The leap-frames gets conclusive evidence, considering time, length, speed, and acceleration to be combined rotated manifestations of identical types of energy components, developing in clusters either propulsion or tension energy that can be cut down to an energy quantum of action but not any further.

Evaluation of gravitational features of ± t_{R2D}-acceleration without capturing additional exchangeable features of ± t_{R0D}-, ± t_{R1D}-, and ± t_{R3D}-components misses 75% of total energy contributions that can increase the space area of simultaneity. Speed processes captured by v/c on t_{R1D} reduce this value. Cosmological analyses derive comparable 73% of dark energy.

The rotation concept implies that the observer with time t_{R0D} moves unnoticeably at the speed of light on the length l_{R2D}, causing the simultaneity of events on t_{R3D} and the three-dimensional l_{R3D}-space instead of sequential events of t_{R3D}. The idea requires two different kinds of speed of light, an active speed of light, and a passive speed of light. Any initiated process with an active speed of light leads to static processes relatively to the observation base, like in electrostatics. Passive speed of light of an observer is system immanent and can be identified by the simultaneity of extremely fast processes in subjective space, like in magnetism. The dualism of wave and particles seems to be based on active and passive speed of light processes.
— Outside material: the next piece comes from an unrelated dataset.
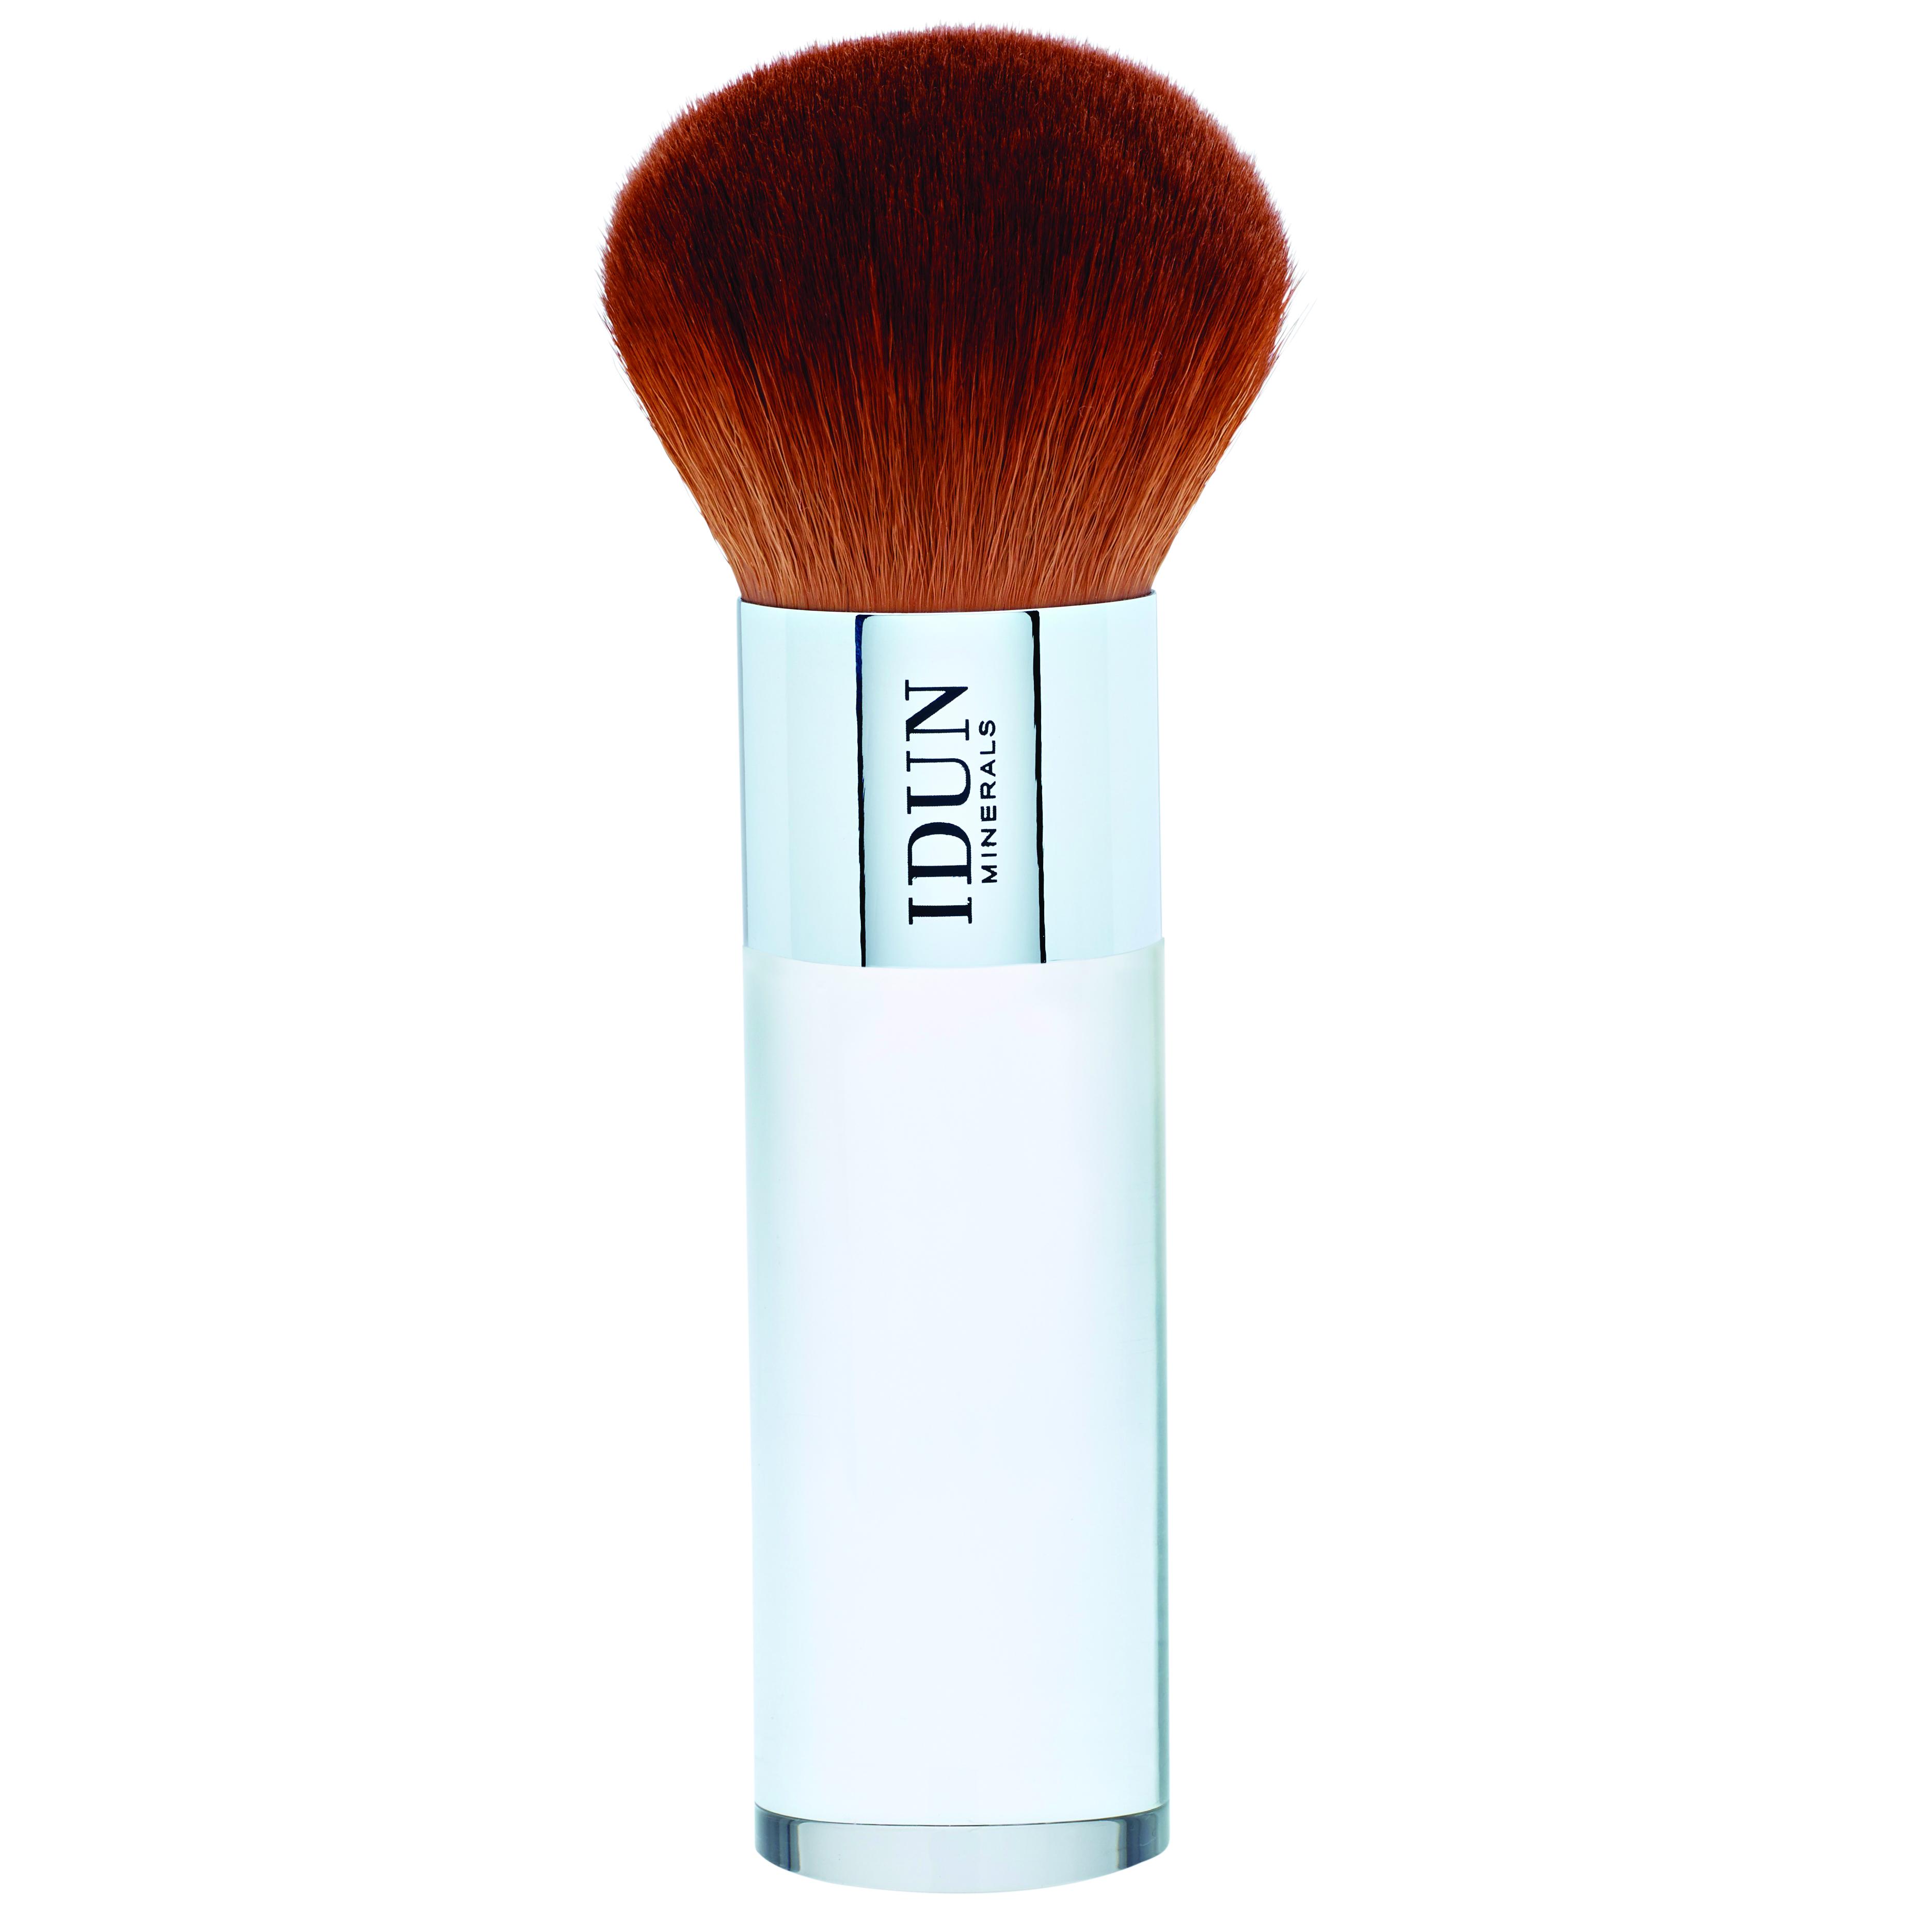 IDUN Large Powder Brush

System immanent passive speed of light on a length l_{R2D} does not conflict with the fact that baryonic masses cannot reach active speed of light in the l_{R3D}-space, as these two axes are perpendicular to each other: They are interacting just like reactive power, for example electric tension and electric current that are 90 degrees out of phase. t_{R2D} opposes to time development by time dilation and t_{R1D} opposes to t_{R3D} by length contraction.

The transformation of translation processes in space-time into rotation processes of combined space-time-speed-acceleration views intends to stimulate the discussions about the nature of space-time and its quantum physical aspects in a complementary direction. Describing space-time with combinations of vacuum energy elements could explain the quantum mechanical effects on top of the special theory of relativity and general theory of relativity. This approach indicates hidden energy components and leap processes that may form a new basis for combining quantum physics with the theory of relativity and with cosmology. The relative change of space-time quantities by rotary symmetry supports the maintenance of a space-time continuum.